Am Karfreitag – dem Tag, an dem laut dem Neuen Testament Jesus ans Kreuz geschlagen wurde – ist Pfarrer Rafał Mocny aus dem polnischen Grenzort Słubice manchmal ein klein wenig neidisch auf die Deutschen: „Bei euch wird dieser Tag in aller Ruhe begangen. Alle Geschäfte sind geschlossen.“ In Polen dagegen herrscht zumindest rein äußerlich der normale Alltagslärm. Nicht nur die Geschäfte, sogar die Basare entlang der Grenze sind geöffnet. Eine Gelegenheit, die von besonders vielen Deutschen zum Einkaufen östlich von Oder und Neiße genutzt wird.
Doch dann sucht der polnische Geistliche, der auch als Seelsorger für die katholischen Studierenden an der Frankfurter Europa-Universität tätig ist, nach einem Gleichnis mit der Bibel. „Jesus musste sein Kreuz ja auch durch die geschäftigen Straßen und Gassen von Jerusalem tragen und für viele Augenzeugen war das damals zunächst nur ein Spektakel. Nicht umsonst waren ja seine letzten Worte am Kreuz: Herr, vergib ihnen, denn sie wissen nicht, was sie tun.“
Eine Kerze, die von Ostern bis Pfingsten brennt: Pfarrer Dr. Rafal Mocny aus Słubice ist als katholischer Studierendenseelsorger für die Europa-Universität Viadrina tätig. Für ihn ist Karfreitag wie für die meisten Polen ein ganz besonderer Tag, selbst wenn es kein offizieller Feiertag ist.
Eine Kerze, die von Ostern bis Pfingsten brennt: Pfarrer Dr. Rafal Mocny aus Słubice ist als katholischer Studierendenseelsorger für die Europa-Universität Viadrina tätig. Für ihn ist Karfreitag wie für die meisten Polen ein ganz besonderer Tag, selbst wenn es kein offizieller Feiertag ist.
© Foto: Dietrich Schröder

Vom letzten Abendmahl bis zur Auferstehung

Für die Gläubigen ist die Erinnerung an das dreitägige Geschehen vom letzten Abendmahl am Donnerstag der Karwoche bis zur Auferstehung am Ostersonntag dagegen der größte Beleg für ihren Glauben. Die Messe am Donnerstagabend steht im Zeichen des Brotes und des Weines, den Jesus zum letzten Mal mit seinen Jüngern teilte.
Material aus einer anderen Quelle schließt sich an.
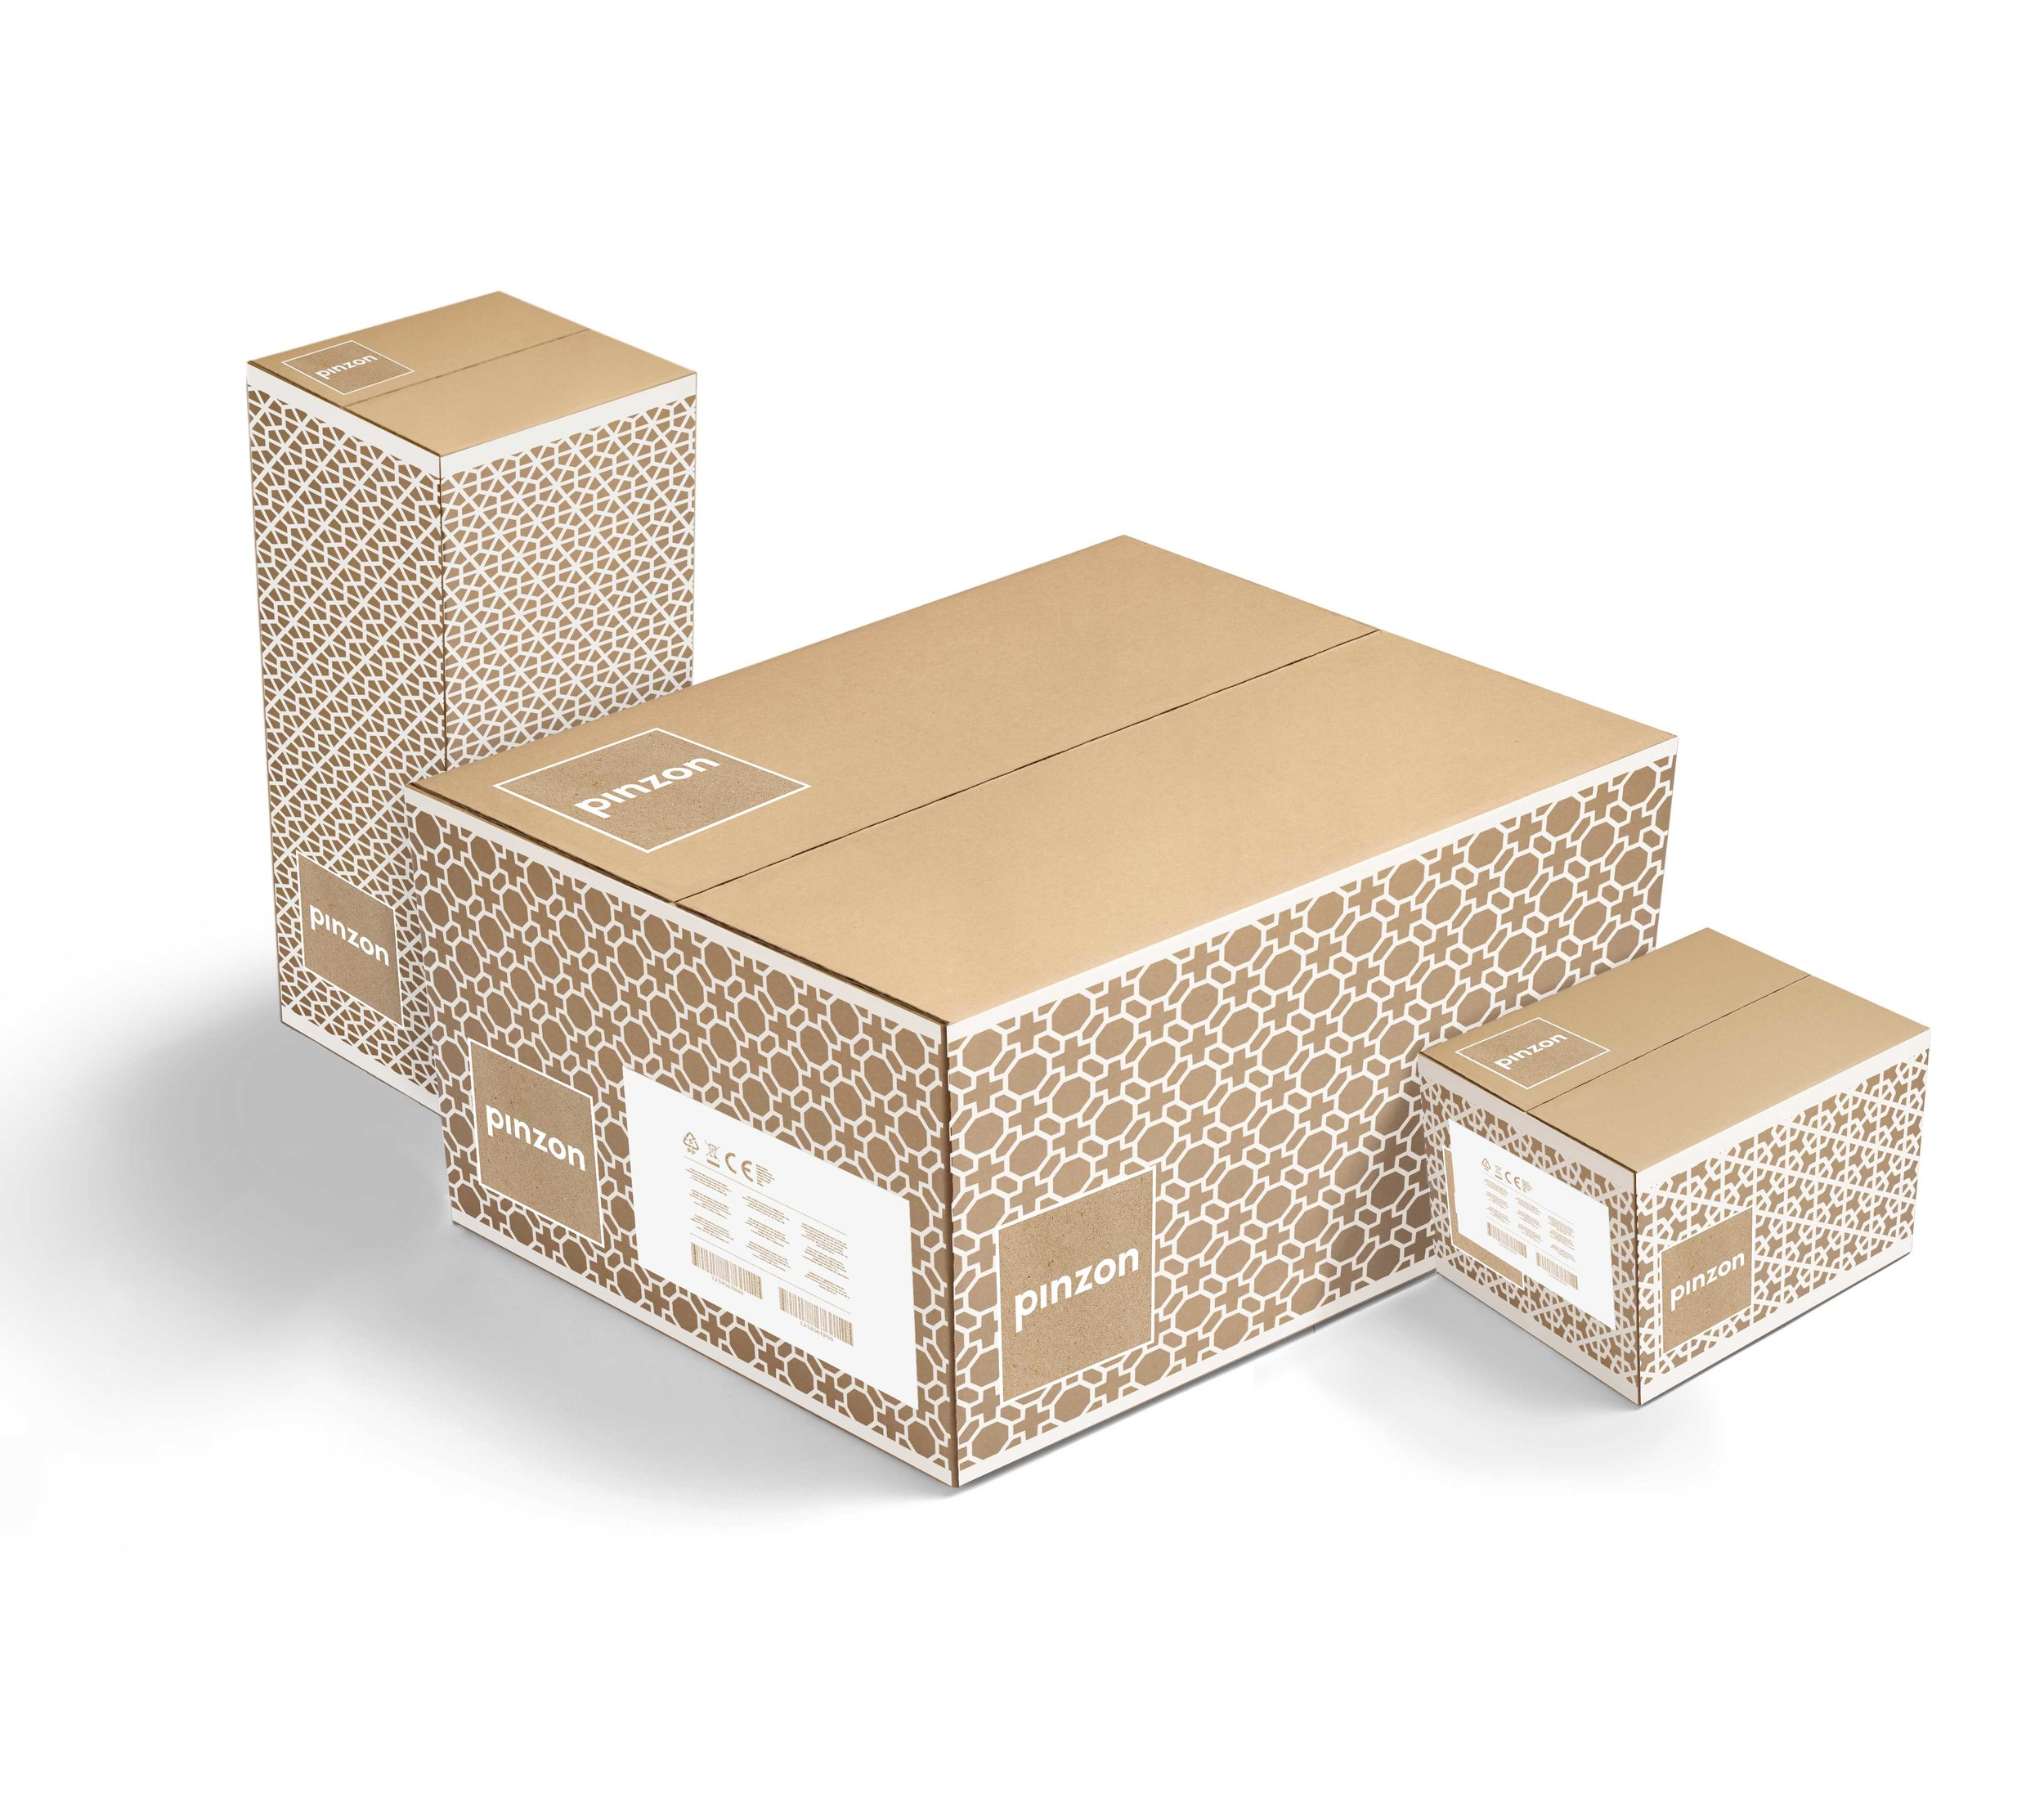 Pinzon packaging design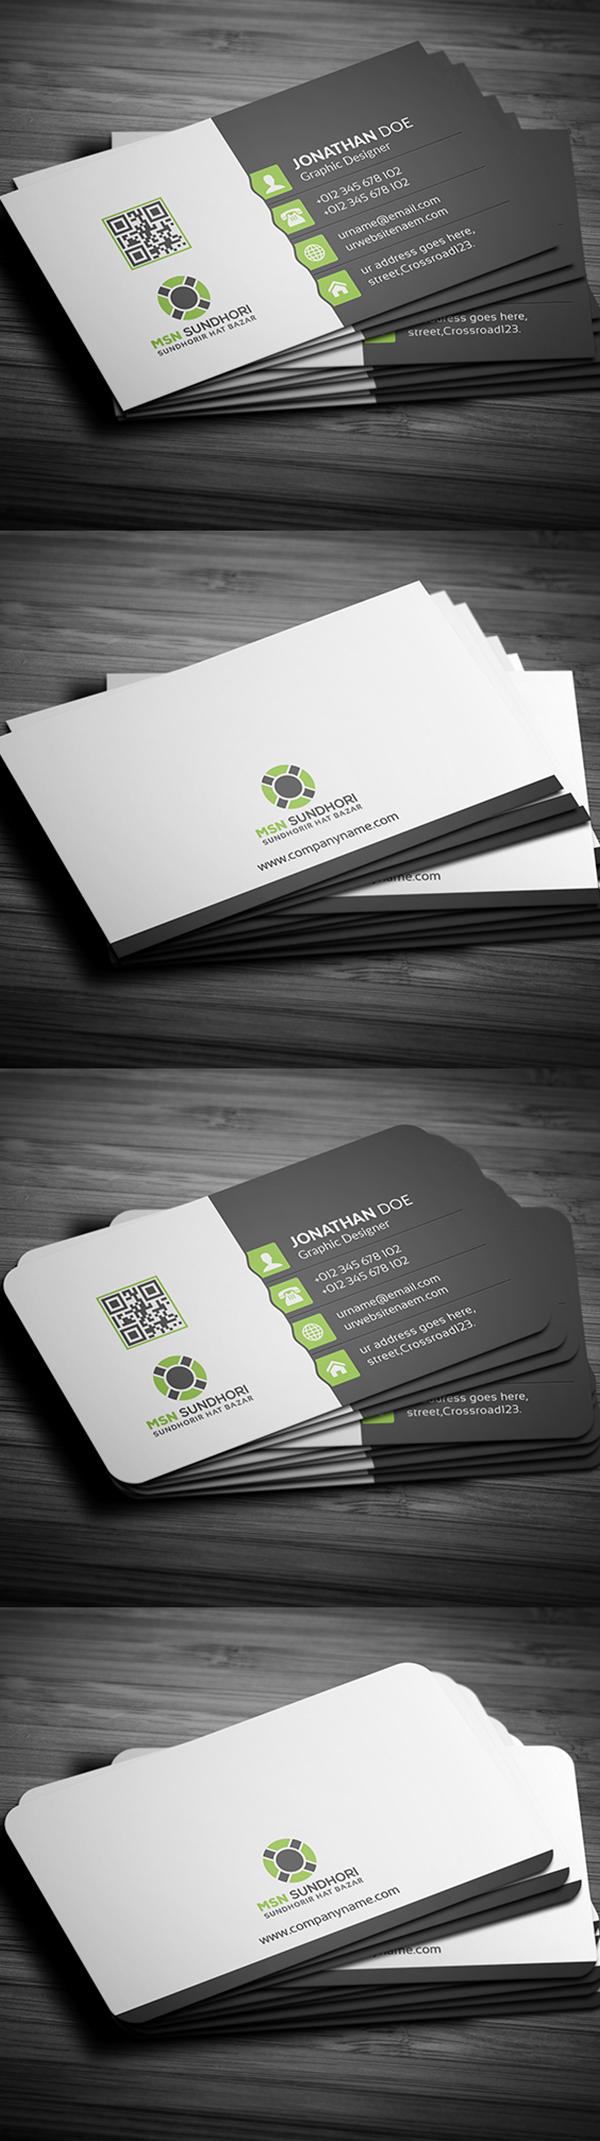 19 Business Card Design

Es werden auch die Füße von zwölf Gläubigen gewaschen, so wie es Jesus mit seinen Jüngern tat, um ihnen zu zeigen, dass sie auch ohne ihn eine Gemeinschaft bilden sollten.
Der kommende Tag, an dem Jesus laut der Überlieferung gegen 15 Uhr am Kreuz starb, galt im Christentum zwar schon früh als ein Tag der Abstinenz und der Reinigung, mit dem man sich auf die Auferstehung vorbereiten sollte. Er war aber bestenfalls nur ein halber Feiertag, der ganz im Zeichen des Gedenkens an die Leiden steht, die Jesus am Kreuz auf sich nahm, um die Sünden und Schuld aller Menschen zu tilgen. Auch in anderen Ländern, in denen der katholische Glaube stark verbreitet ist – etwa in Italien und Frankreich – ist der Karfreitag auch kein Feiertag.

Luthers „guter Freitag“

Weil insbesondere Martin Luther dem „Guten Freitag“ eine besondere Bedeutung zu maß (die Silbe „Kar“ stammt vom lateinischen „carus“ ab, das für „lieb“, „gut“ oder „teuer“ steht) wurde er in Regionen, in denen die Reformation stark war, ab dem 16. und 17. Jahrhundert allmählich zum Feiertag.
Eine Messe gibt es an diesem Tag nicht, stattdessen werden in vielen katholischen Kirchen Kreuze in das Zentrum gerückt und daneben ein Grab gestaltet. „Viele Polen kommen nach der Arbeit in die Kirche, um dieses Kreuz zu ehren, manche halten auch einige Stunden Nachtwache am Grab“, berichtet Pfarrer Mocny.
Am Ostersamstag lassen die Gläubigen dann Körbe mit den Speisen weihen, die sie zum Fest der Auferstehung verzehren wollen. Und bei der Mitternachtsmesse in der Nacht zum Sonntag wird das Wunder der Auferstehung gefeiert, nach der Jesus zum ersten Mal seine Wiederkehr verkündete.
Hinweis: Der Text stammt vom 14. April 2022. Weil er weiter auf großes Interesse stößt, wurde er geprüft, aktualisiert und noch einmal veröffentlicht.